I got used to short functions so much, than my normal function length in any
other language went down a lot too. Now I'd probably refactor anything that
doesn't fit on half of a screen (got fairly big monitors though). And that's a
good thing - the effect is easier to read and the shorter the code is, the
more self-documenting it becomes, because you have to name every sub-process
correctly via the function name. Something that would otherwise be a 40 line
function with inline comments: "First do this", "then do that", becomes a two-
line: do_this(); do_that(); with ~20 lines in each of them. Much much better.

On the other hand, once you get too used to lambdas, you start missing them in
other languages. It just felt natural for me at some point to make a C macro
(f, arr, type, len) which did something like map on an array of `type` using a
function pointer `f`. That didn't go very well with other people who normally
read that code...

------
Ixiaus
I got my first taste of functional programming with Erlang. Honestly, it had
me befuddled for quite some time with pattern matching and the "functional"
style; I was used to using objects to encapsulate rather than "modules" and
"functions" - the distinction in nomenclature may seem frivolous, but the
concepts are worlds apart when used in the context of Erlang or Java.

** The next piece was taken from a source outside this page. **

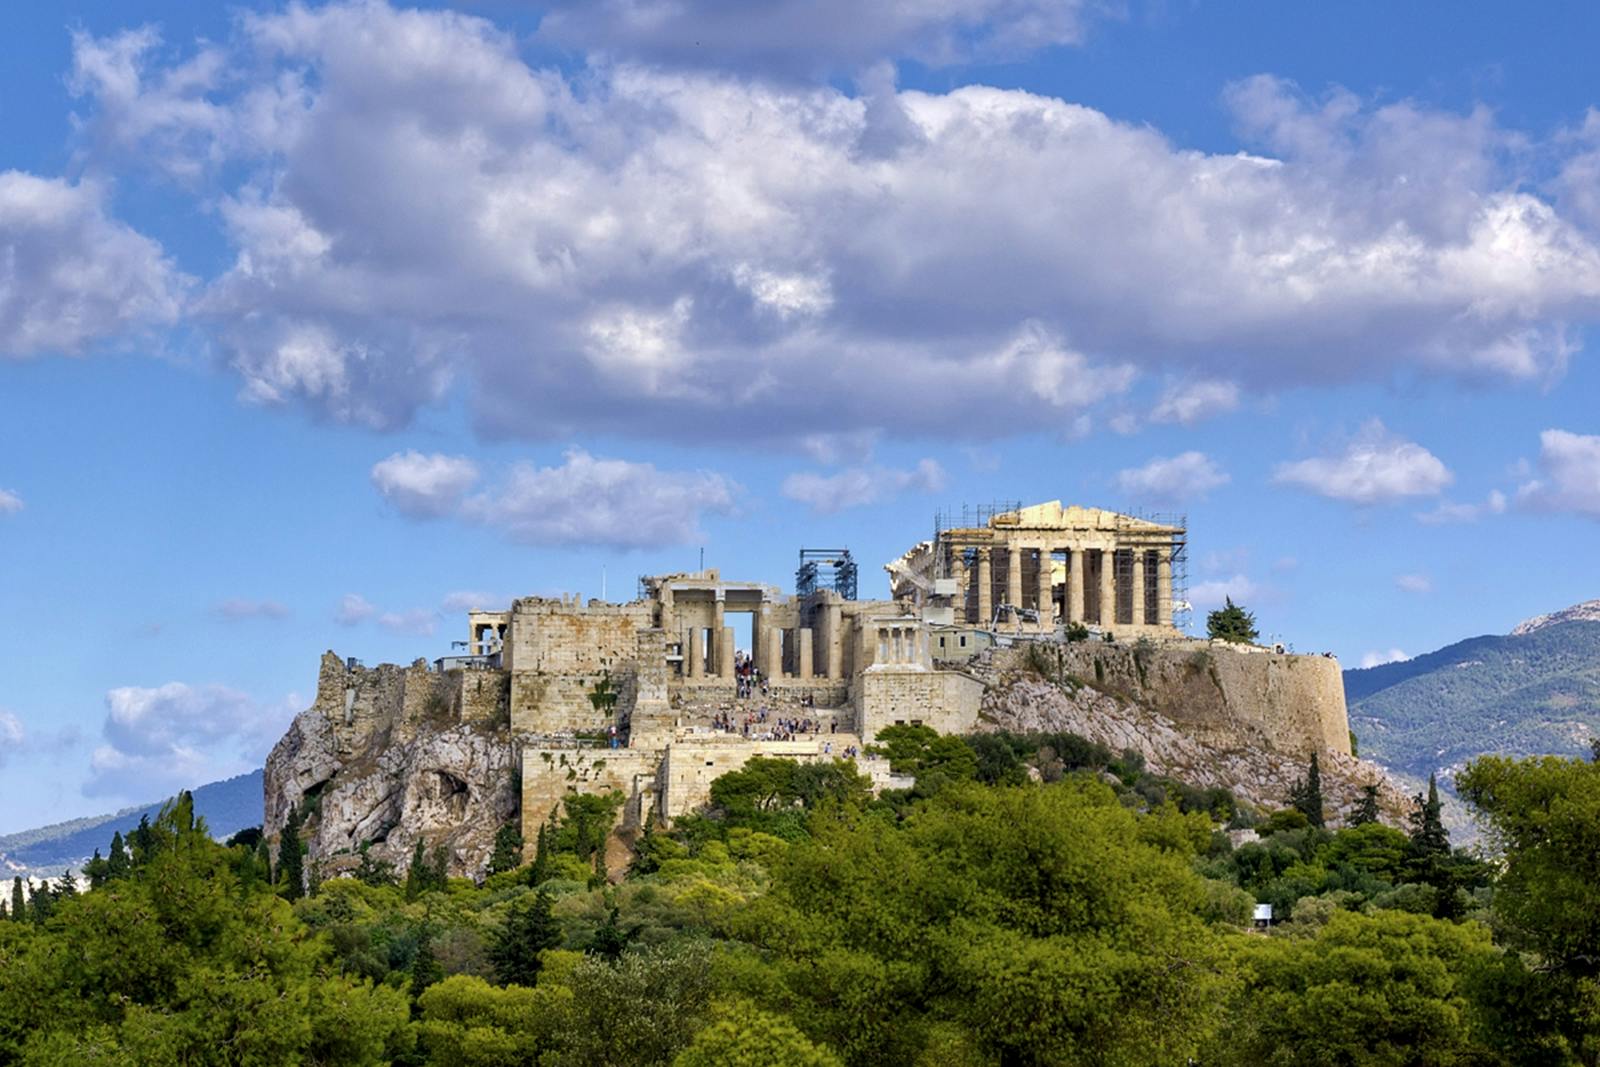 Virtual tour of the Acropolis Hill from home

Erlang taught me a lot that I never even came close to learning with PHP,
Python, and C++. Most notably what Erlang is good at - Concurrent Programming.

I still didn't fully "grok" functional programming though as I just completed
the book and didn't complete any projects using Erlang. The real meal first
started with Common Lisp which drove me to Scheme (Common Lisp is a mess,
Scheme is minimal in nature, and Scheme is much more true to a functional
language than CL). I then picked up the _Little Schemer_ series of books and
proceded to have my world view enlarged; with the addition of many other
excellent resources, my knowledge of programming increased exponentially.

Within a few months of "grokking" functional programming and grooving with
Scheme (it is my favorite language to date, Python comes second) the noted
benefits were: an increased academic understanding of computing and the
modality with which computable logic is represented, clearer/cogent/lucid and
higher-caliber thought, my creativity in programming was unleashed, and I've
found that I have a vested interest in the _philosophy_ behind what I do. I
also feel like my general perception of reality has changed too, I interpret
my life experiences with a different set of concepts now.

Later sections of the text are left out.